+++ Records +++

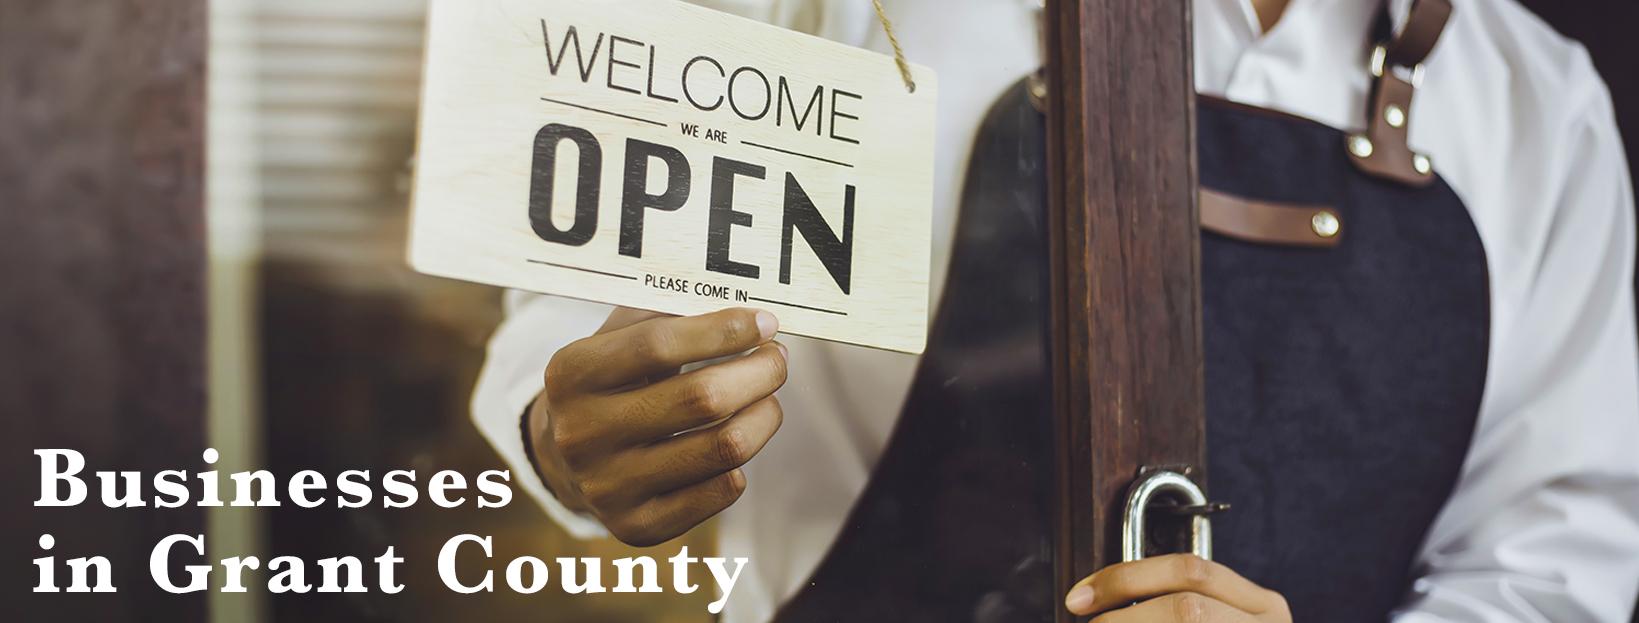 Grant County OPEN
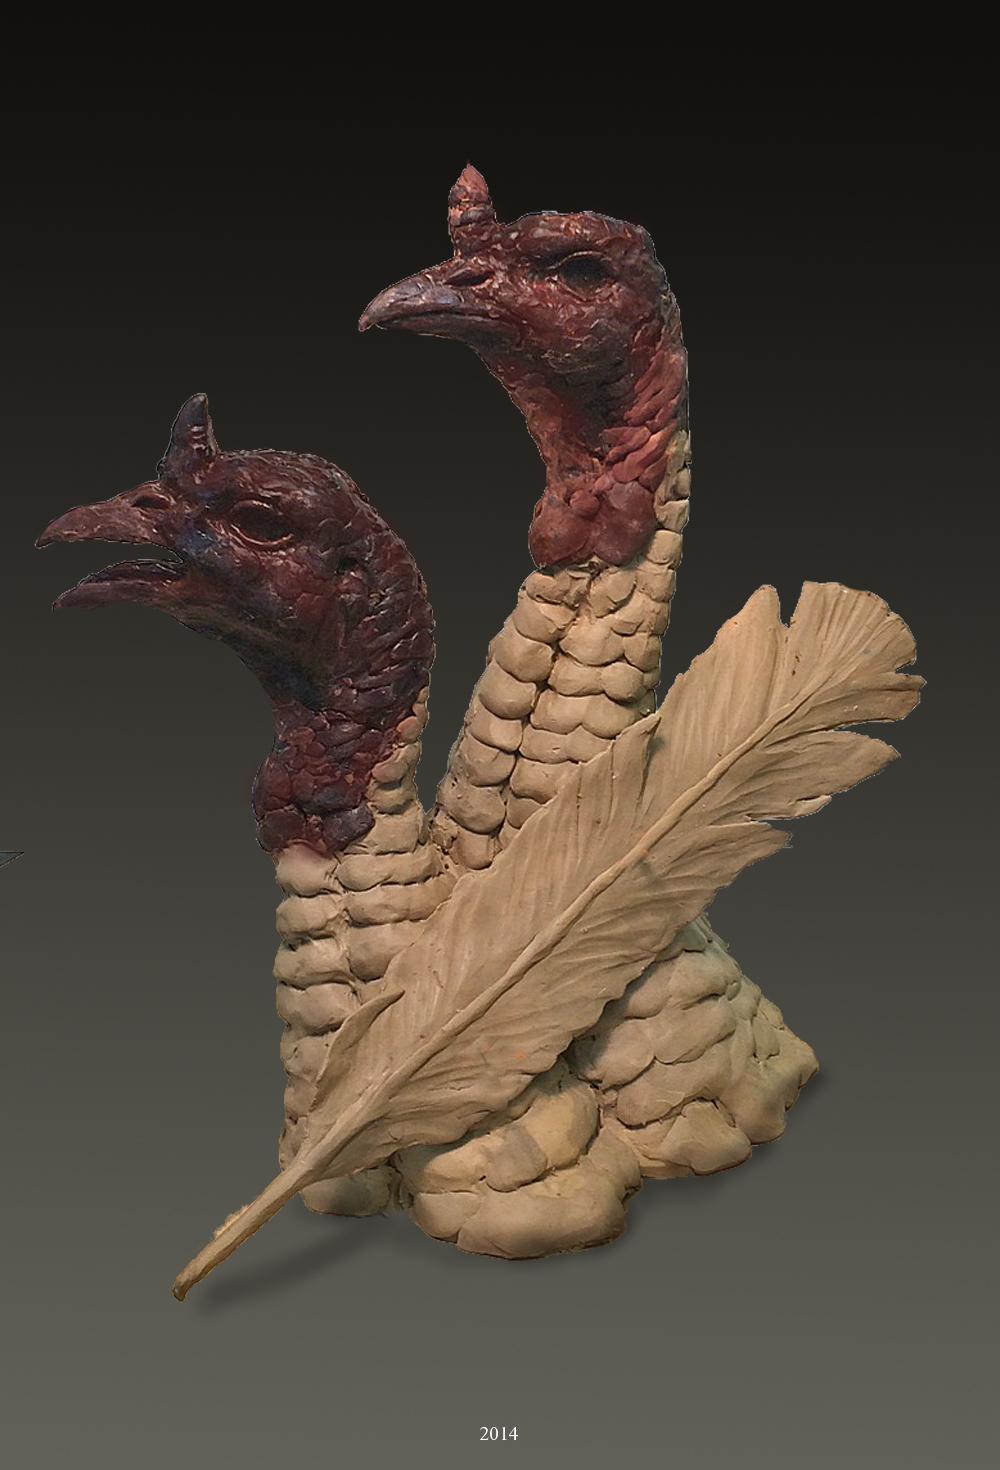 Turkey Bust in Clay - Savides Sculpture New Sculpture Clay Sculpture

+++
+++ Records +++

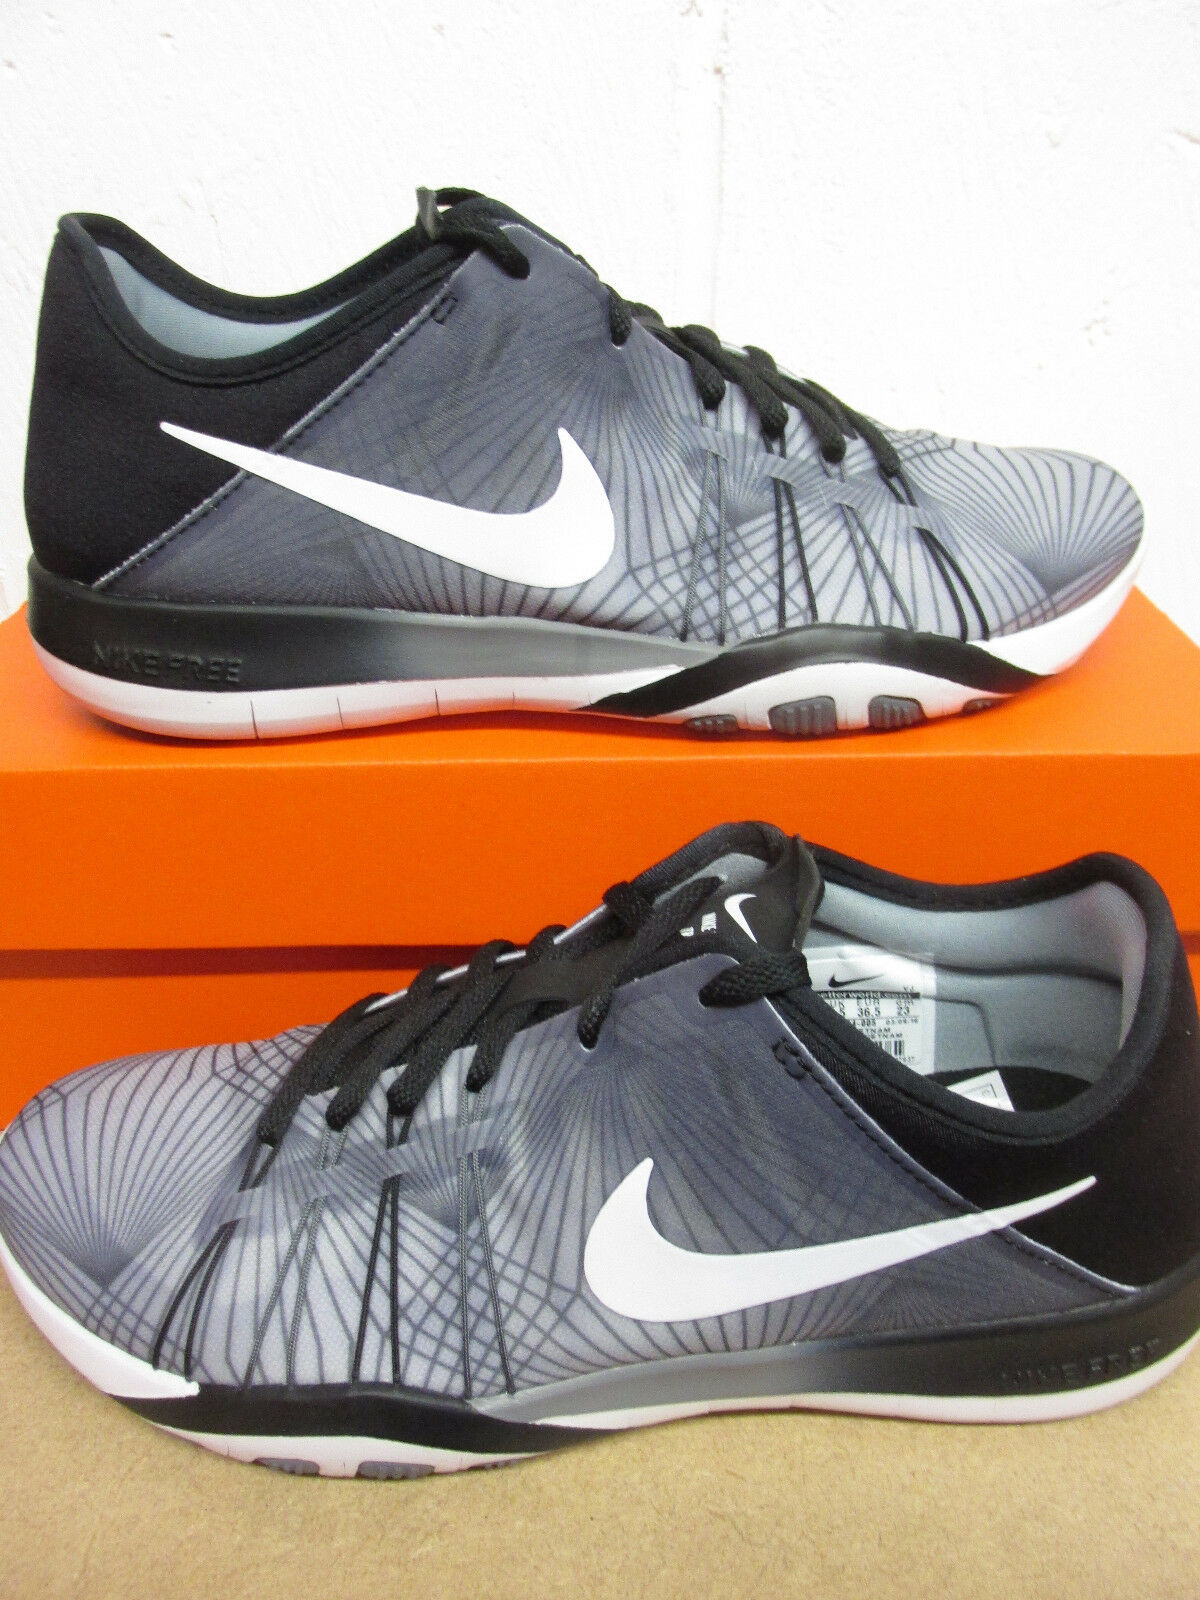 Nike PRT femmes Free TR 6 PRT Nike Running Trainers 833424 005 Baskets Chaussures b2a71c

+++

> About this exercise:
Among the records above, locate the line containing "Grant County OPEN" and the line containing "Turkey Bust in", then transcribe exactly the lines starting at the first and ending at the second, with no pictures.

> Result of the exercise:
 Grant County OPEN
 Turkey Bust in Clay - Savides Sculpture New Sculpture Clay Sculpture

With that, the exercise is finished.